Its density function looks like this:

ggplot() +
  geom_function(fun = dtriangle2) +
  xlim(0, 1) +
  ylab("density")

As we stated before, we don’t actually need to know the normalization constant of the density function. That is, we can perform the Metropolis-Hastings algorithm with a non-normalized density function. For this demonstration, let’s suppose that we we only have dtriangle2_unnormalized and do not know dtriangle2:4

totally_random_number <- 69420
dtriangle2_unnormalized <- function(x) totally_random_number * dtriangle2(x)

We want to make use of the Metropolis-Hastings algorithm to create a Markov chain with dtriangle2 as its stationary distribution.
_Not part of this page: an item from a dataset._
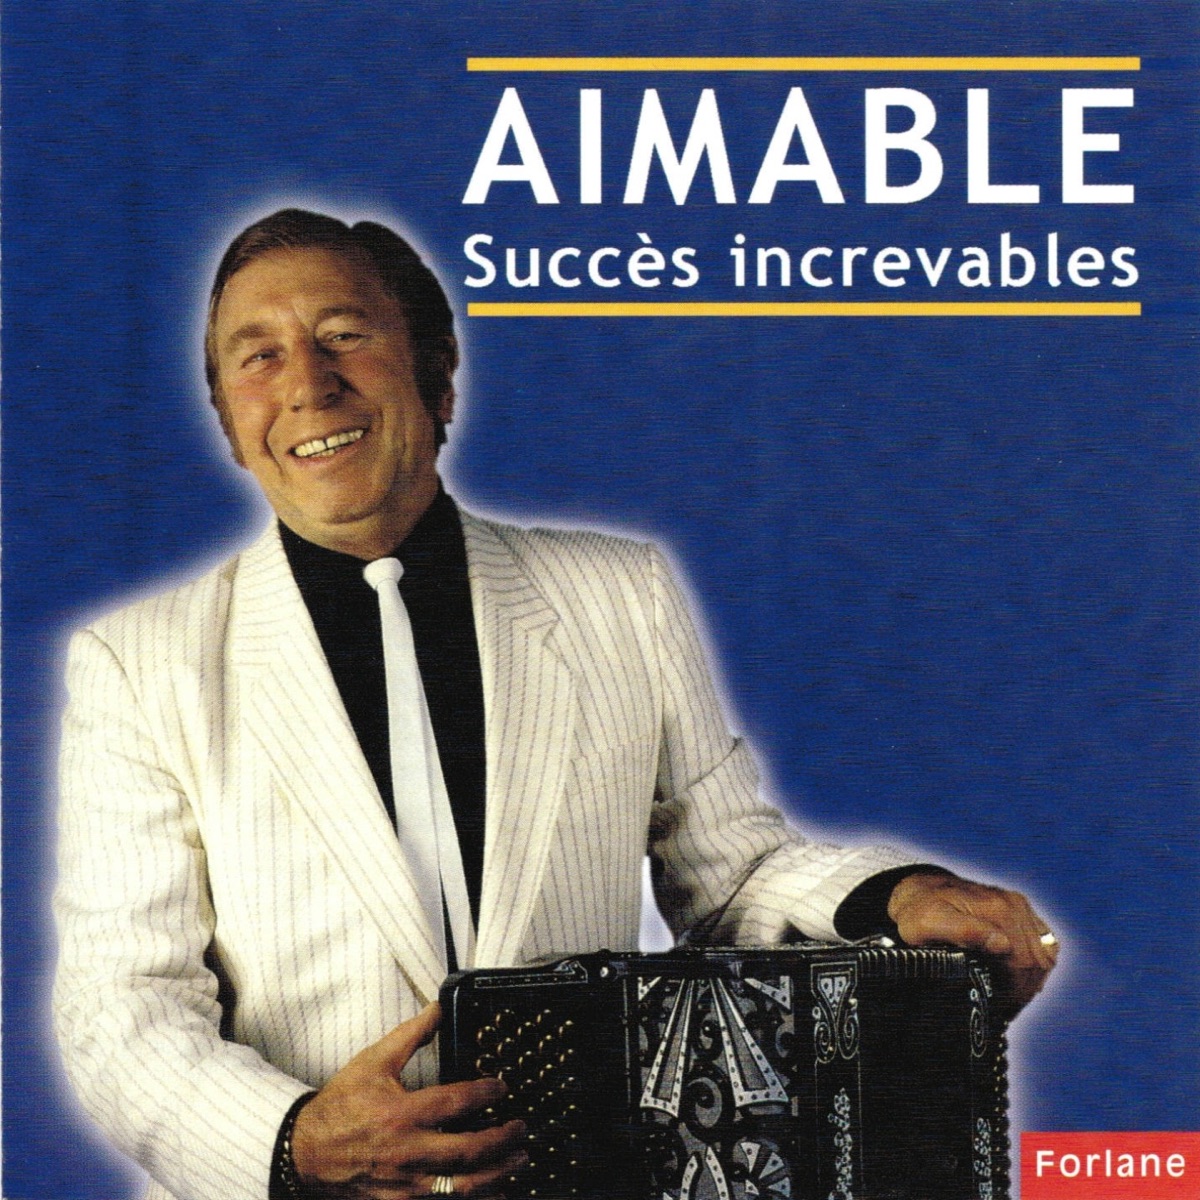 Aimable : Succès increvables by Aimable on Apple Music

The Metropolis-Hastings algorithm can be implemented as follows:

metropolis_hastings_algorithm <- function(
  target_density,
  propose,
  proposal_density,
  inital_state,
  length_of_chain = 5000
) {
  output_chain <- vector(mode = "numeric", length = length_of_chain)
  output_chain[1] <- inital_state
  state <- inital_state
  for (trial in 2:length_of_chain) {
    proposal <- propose(state)
    log_metropolis_ratio <-
      log(target_density(proposal)) +
      log(proposal_density(proposal, state)) -
      log(target_density(state)) -
      log(proposal_density(state, proposal))
    if (log(runif(1)) < log_metropolis_ratio) state <- proposal
    output_chain[trial] <- state
  }
  return(output_chain)
}
1
target_density is the target distribution we want to sample from. In this case, it is dtriangle2.
2
propose is a function that generates a proposal state given the current state. That is, it draws the \(J\) in Theorem 1.
3
proposal_density is the probability of proposing \(j\) given state \(i\), i.e., \(\tilde{P}_{ij}\).
4
inital_state is the initial state of the Markov chain, i.e., \(I_0\).
5
length_of_chain is the length of the Markov chain, i.e., how many states we want to generate.
6
For each trial, first we generate a proposal given the current state.
7
Then, we compute the Metropolis-Hastings acceptance ratio \(\alpha(i,j)\). Note that we use the logarithm of the ratio to avoid numerical underflow.
8
We accept the proposal according to Equation 3: If the ratio is greater than 1, we accept the proposal; if it is less than 1, we accept it with probability equal to the ratio.
9
Finally, we store the state in the output chain.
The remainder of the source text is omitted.